Note. The "$k$ paths" are not necessarily in the graph.
There is a weighted directed graph with $n$ vertices and $m$ edges (no multiple edges or self-loops). Given $k$ paths, find the shortest path from $1$ to $n$ (not necessarily a simple path) such that this path does not contain any of the given $k$ paths (containing means traversing the sequence of vertices of a given path consecutively). Output the length of this path, or $-1$ if no such path exists.
Input
The first line contains three integers $n, m, k$, representing the number of vertices, the number of edges, and the number of specified paths. The next $m$ lines each contain three integers $u_i, v_i, w_i$, representing a directed edge from $u_i$ to $v_i$ with weight $w_i$. The next $k$ lines each start with an integer $p$, representing the length of the given path, followed by $p$ integers describing the sequence of vertices in that path.
Output
Output a single integer representing the shortest length from $1$ to $n$ that does not contain any of the given paths. If no such path exists, output $-1$.
Examples
Input 1
7 8 2 1 2 1 2 3 2 3 4 1 4 5 1 4 6 1 5 7 1 6 7 1 6 5 2 6 1 2 3 4 5 7 5 2 3 4 6 7
Output 1
8
Input 2
4 4 2 1 2 1 2 3 1 3 4 1 3 2 1 4 1 2 3 4 6 1 2 3 2 3 4
Output 2
7
Subtasks
The path lengths below refer to the number of vertices in a path (counting repeated vertices multiple times).

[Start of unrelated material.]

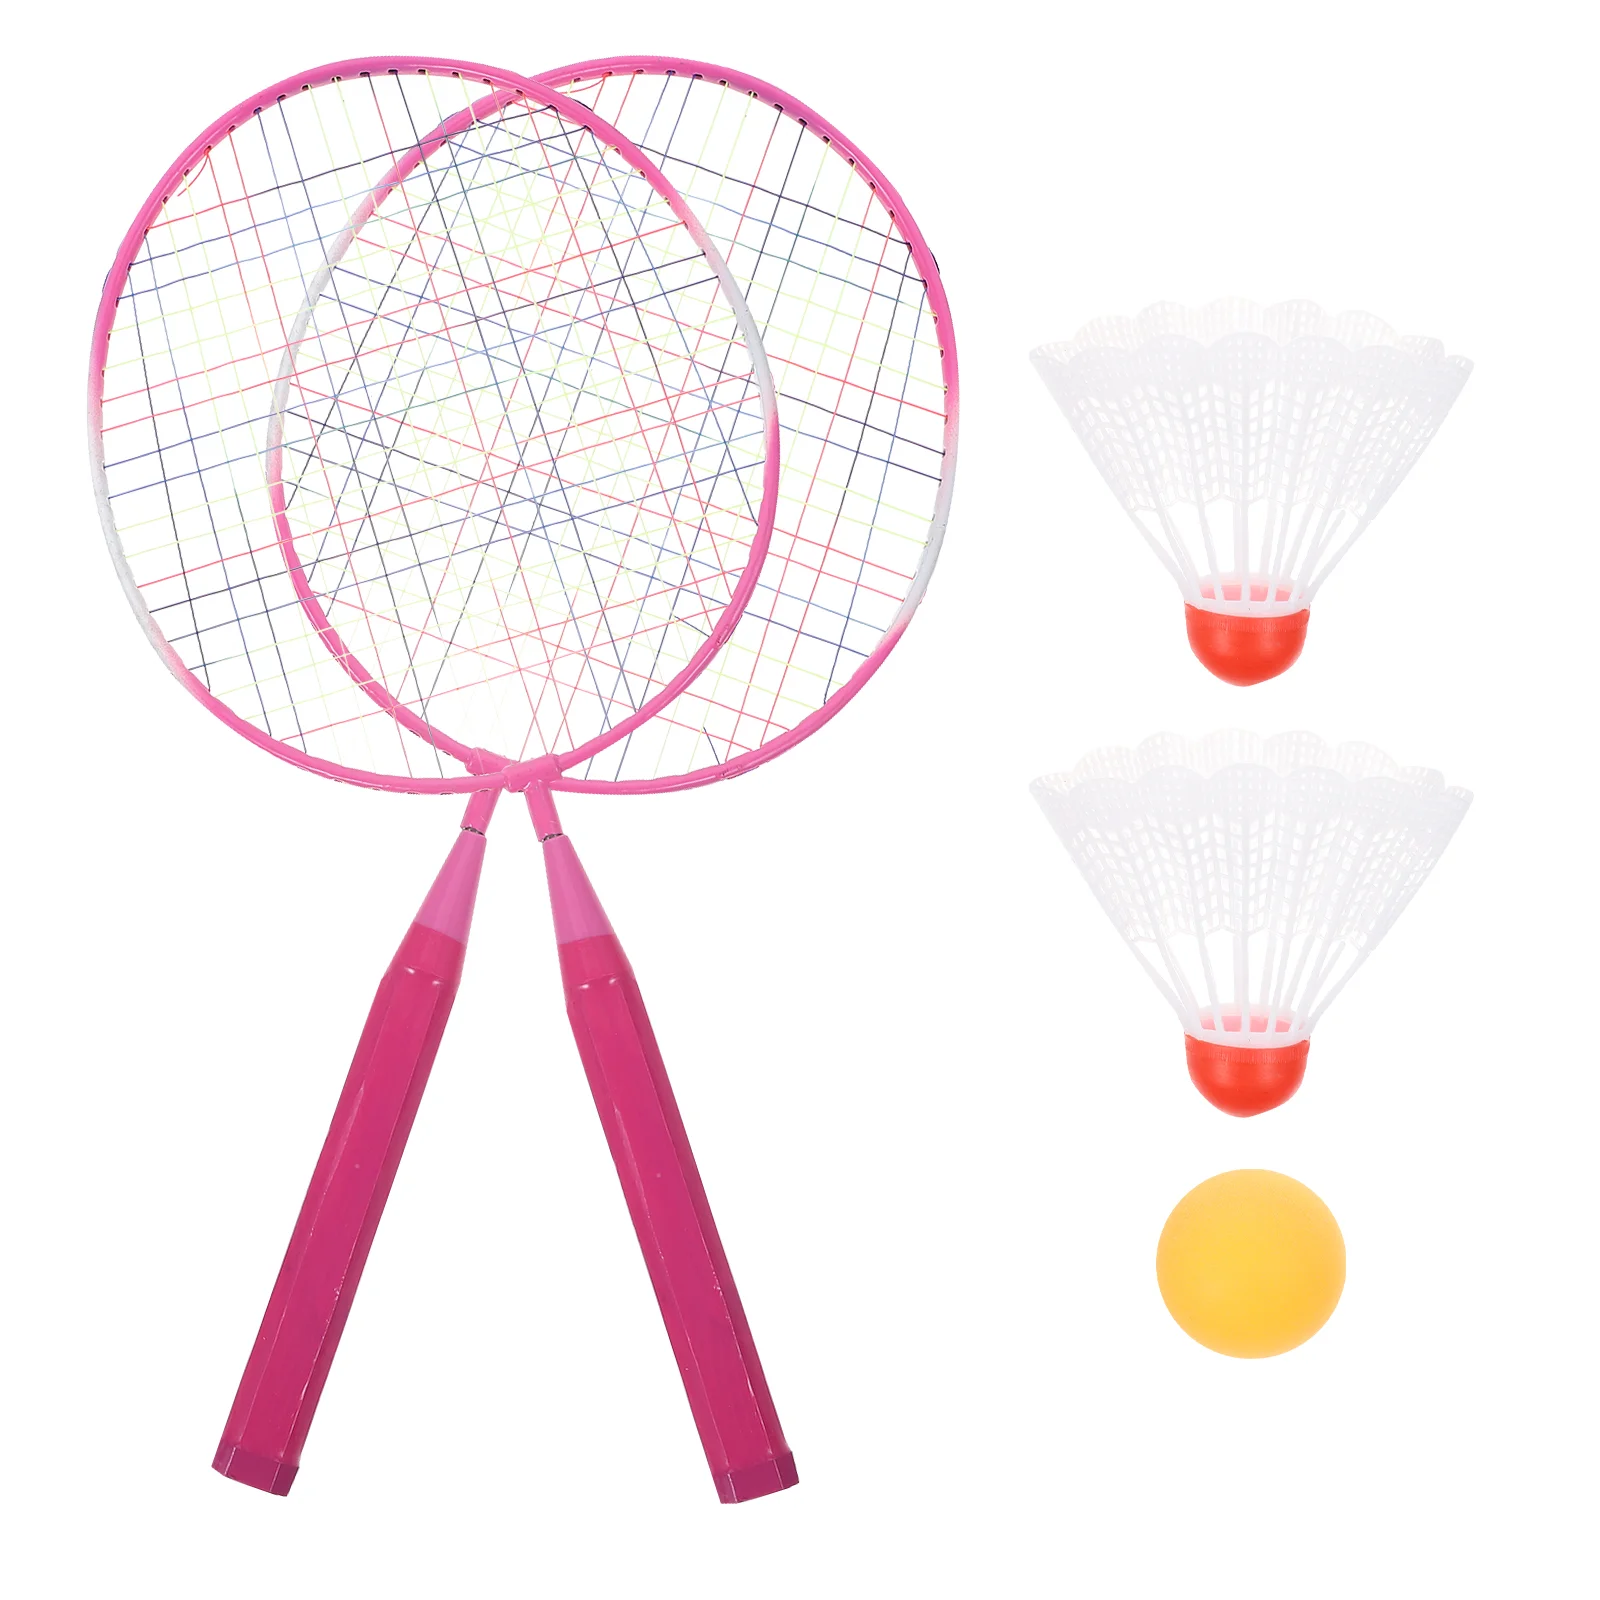 

Toy Kids Supplies Juguetes Para Niños Badminton Set Children Racket Balls Playing

- Subtask 1 ($20$ pts): $n, m \le 100, k = 0$;
- Subtask 2 ($20$ pts): $n, m \le 100$, each given path length is at most $4$;
- Subtask 3 ($30$ pts): $n, m \le 2 \times 10^5, k = 1$;
- Subtask 4 ($30$ pts): $n, m, k \le 2 \times 10^5$.
For all data, $1 \le n, m \le 2 \times 10^5, 0 \le k \le 2 \times 10^5, 1 \le u_i, v_i \le n, 0 \le w_i \le 10^9$, and the sum of the lengths of all given paths is at most $2 \times 10^5$.